1.1 Personal Information You Provide

We collect personal information that you voluntarily provide to us when you:

Fill out our contact form
Register for an account
Use our Service
Contact us directly

The personal information we may collect includes:

Contact Information: Full name, company name, email address, phone number
Account Information: Username, password (encrypted), company details
Usage Data: Information about how you use our Service, including energy consumption data you input or connect to our system

1.2 Information Automatically Collected

When you access our Service, we may automatically collect certain information, including:

Log Data: IP address, browser type, operating system, pages visited, time spent on pages, and other diagnostic data
Device Information: Device type, unique device identifiers

1.3 Cookies and Tracking Technologies

We use essential cookies to maintain your session and ensure the Service functions properly.
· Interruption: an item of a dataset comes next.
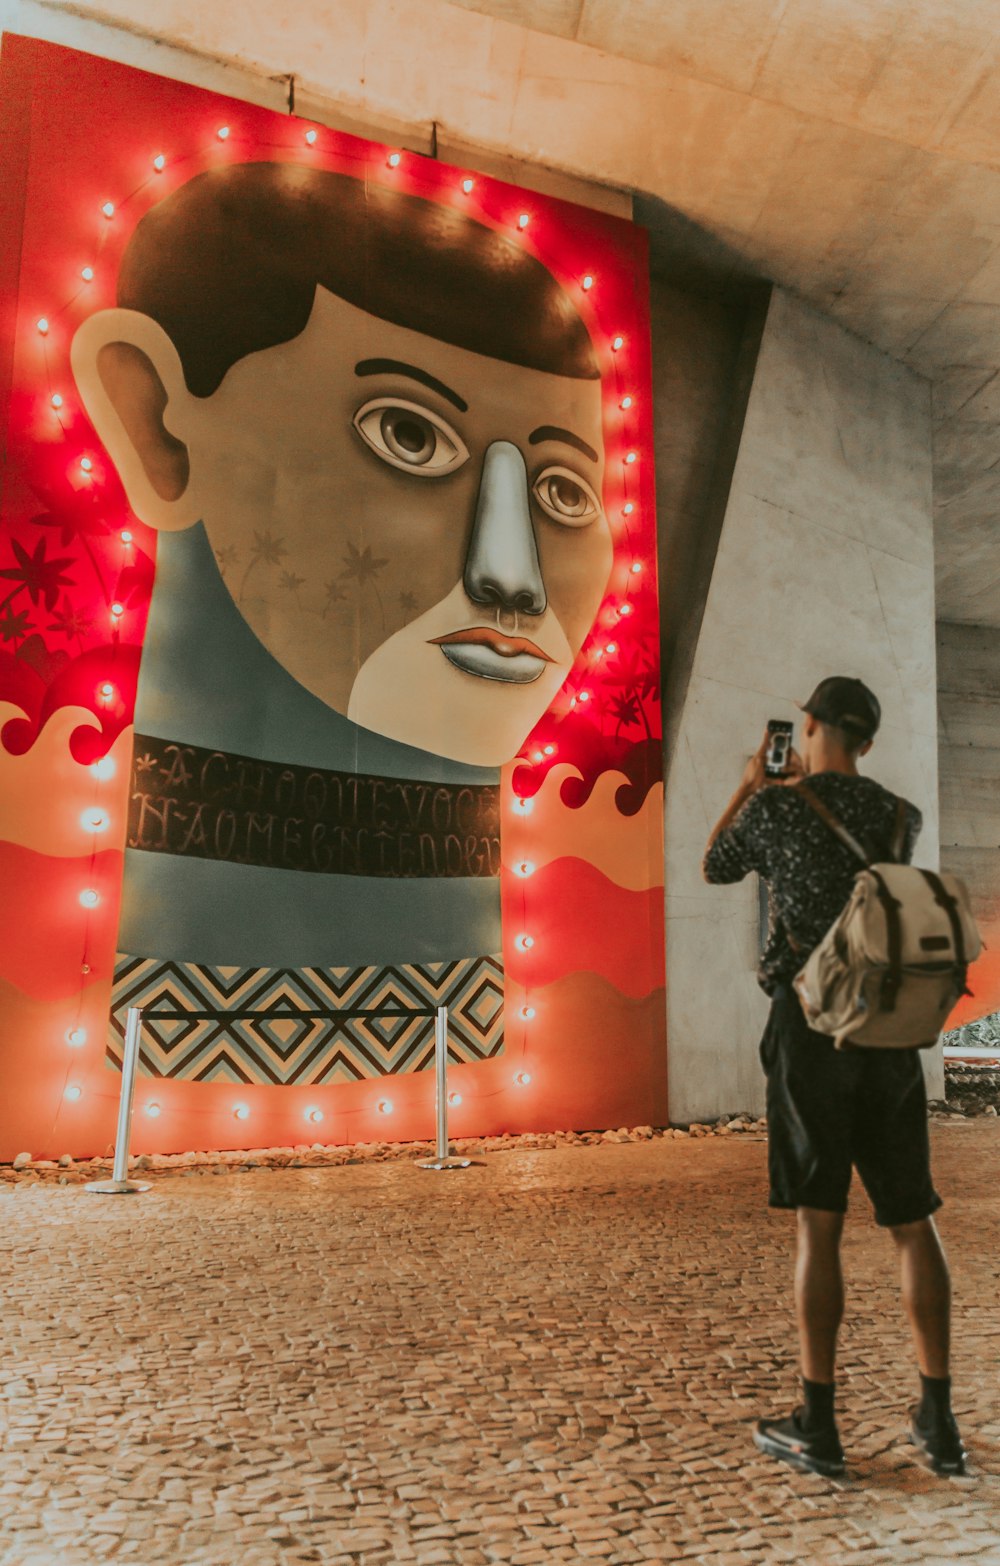 man taking photo of lighted man's face wall mural
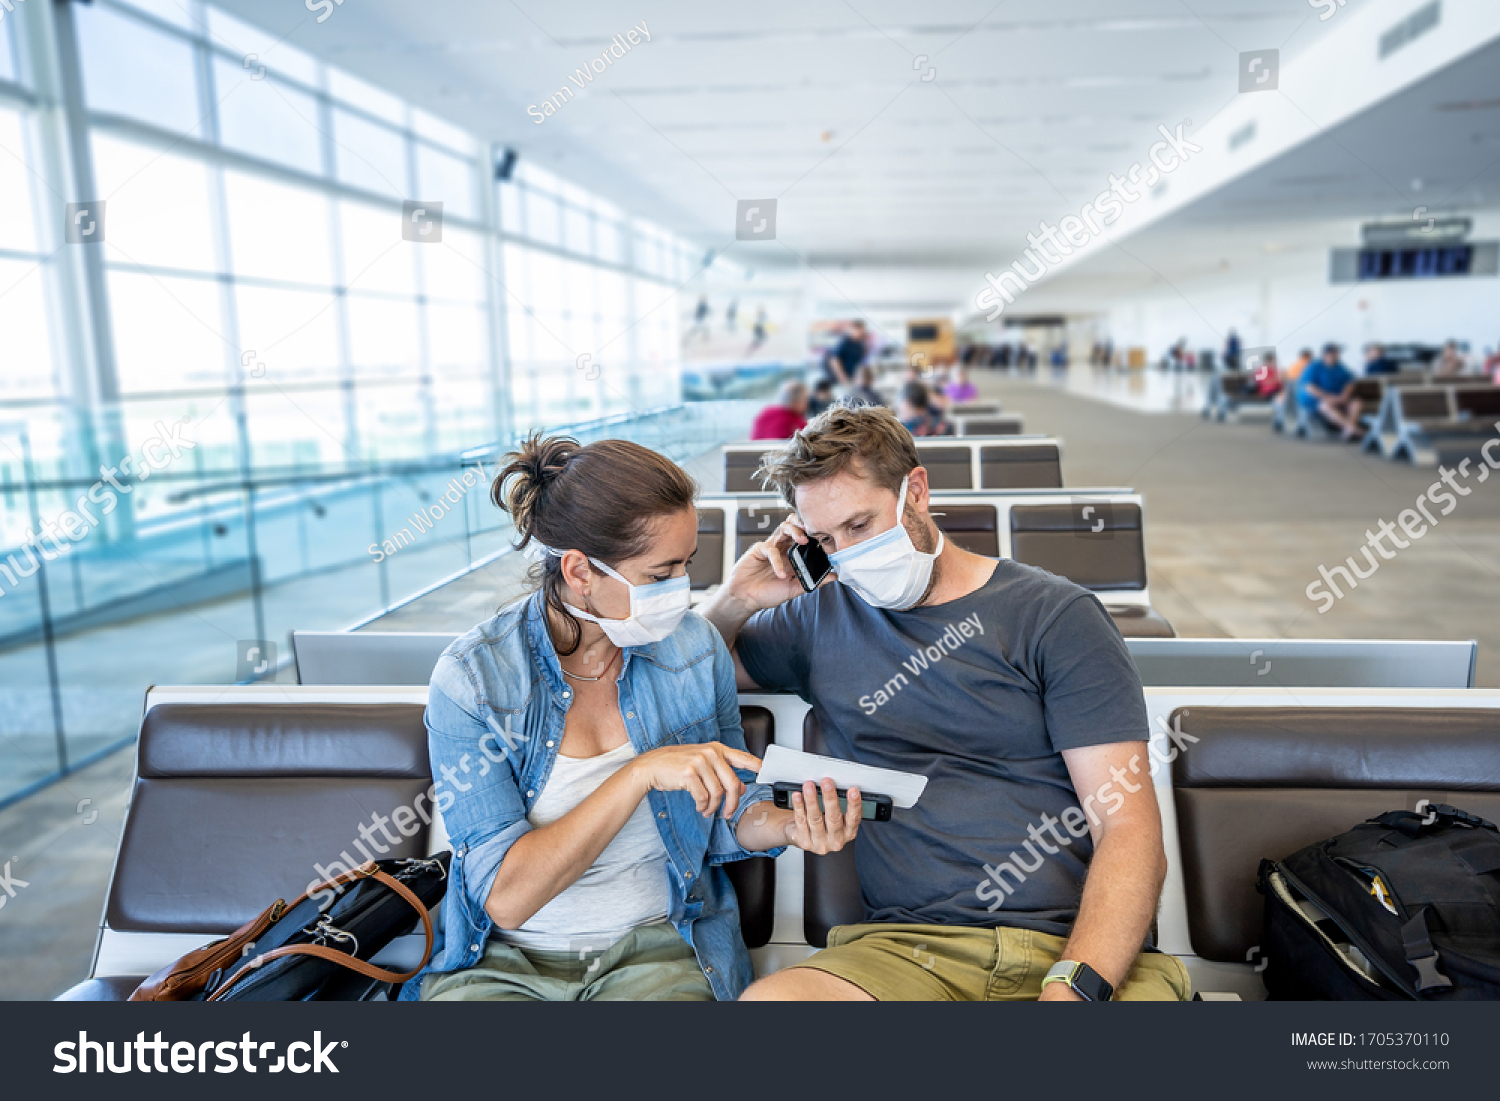 COVID-19 worldwide borders closures. Couple with face mask stuck in airport terminal after being denied entry to other countries. Passengers stranded in airport on his travel back to home country. #1705370110

For more information, please see our Cookie Policy.

2. How We Use Your Information

We use the information we collect for the following purposes:

To Provide and Maintain Our Service: Process your requests, create and manage your account, deliver the energy cost simulation services
To Communicate With You: Respond to your inquiries, provide customer support, send service-related notifications
To Improve Our Service: Analyze usage patterns, troubleshoot technical issues, develop new features
To Ensure Security: Detect and prevent fraud, unauthorized access, and other illegal activities
To Comply With Legal Obligations: Meet legal and regulatory requirements

3. Legal Basis for Processing (GDPR)

If you are a resident of the European Economic Area (EEA), our legal basis for collecting and using your personal information depends on the data and context:

Contract Performance: Processing necessary to perform our contract with you (providing the Service)
Legitimate Interests: Processing necessary for our legitimate business interests (improving our Service, security)
Legal Compliance: Processing necessary to comply with legal obligations
Consent: Where you have given explicit consent (we will ask for consent separately when required)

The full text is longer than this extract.